First we want to combine our question and history so that followup questions can be rephrased into a standalone question. LangChain contains many internal prompts that facilitate this sort of action. Our chatbot uses this prompt internally:

_template = """
Given the following conversation and a follow up question, rephrase the
follow up question to be a standalone question.

Chat History:
{chat_history}
Follow Up Input: {question}
Standalone question:"""

from langchain.prompts.prompt import PromptTemplate
condense_question_prompt = PromptTemplate.from_template(_template)

Like above, we’re going to be using OpenAI’s LLM for the various tasks

llm = OpenAI(temperature=0, openai_api_key=OPENAI_API_KEY)

We can then create a chain that will combine our question and history. Using our prompt from above, the LLM is asked to generate a new question based on the input question and our history text.

from langchain.chains.llm import LLMChain
question_generator = LLMChain(llm=llm, prompt=condense_question_prompt)

question = inputs["question"]
new_question = question_generator.run(question=question, chat_history=hist_text)
print(new_question)

You’ll notice it completely ignores our chat history because it’s irrelevant to the question at hand:

How is the manufacturing of the Cybertruck at Gigafactory Texas progressing?

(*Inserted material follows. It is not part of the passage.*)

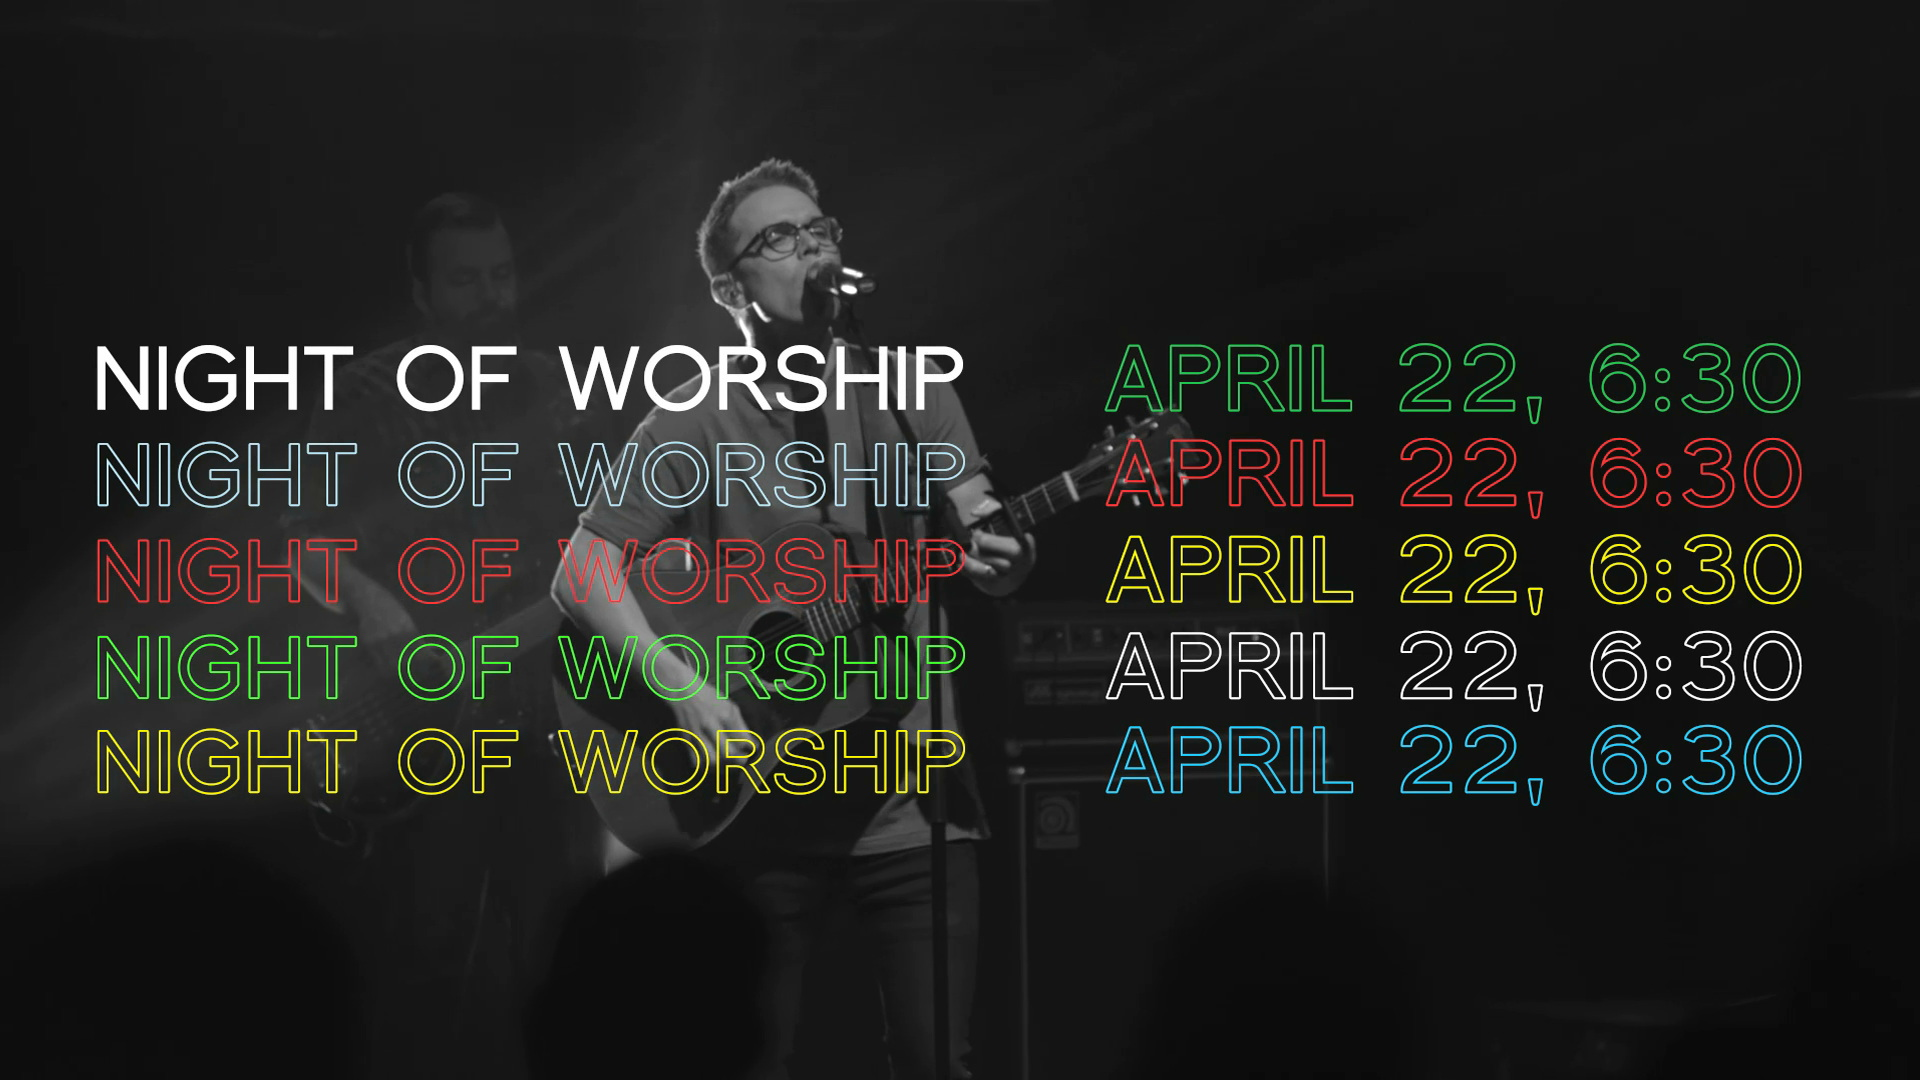 Night of worship promo

Next we identify relevant documents for answering this question using Chroma

retriever = vectorstore.as_retriever()
retrieved_docs = retriever.get_relevant_documents(new_question)
print(len(retrieved_docs))

We received four relevant documents:

4

We then use a very simple template to render each document that just returns the page_content.

doc_prompt = PromptTemplate(input_variables=["page_content"], template="{page_content}")
new_inputs = {"question": new_question, "chat_history": hist_text}
def format_doc(doc):
  return doc_prompt.format(page_content=doc.page_content)
doc_strings = [format_doc(doc) for doc in retrieved_docs]
context_inputs = {'context': "\n\n".join(doc_strings), 'question': new_inputs["question"]}

Now we’re ready to answer the question. We ask for an answer that incorporates the context.

prompt_template = """Use the following pieces of context to answer the question at the end. 
If you don't know the answer, just say that you don't know, don't try to make up an answer.

{context}

Question: {question}
Helpful Answer:"""
context_prompt = PromptTemplate(template=prompt_template, input_variables=["context", "question"])

We make a chain using the OpenAI LLM and our prompt we just made. And then we use the LLM to get a continuation, hopefully with our answer.

llm_chain = LLMChain(llm=llm, prompt=context_prompt)
answer = llm_chain.predict(**context_inputs)
print(answer.strip())

And we can see, that even though we only asked, “How’s it going?” The LLM was able to use our rephrased question to find relevant documents and turn those into a pretty good answer:

The factory in Germany is currently producing over 5,000 vehicles per week.

Conclusion

I hope this illustrates that the task of creating a chatbot that can answer questions about a set of documents is really very straightforward, and mainly involves how the task can be broken down into a succession of prompts that the LLM will generate useful continuations for.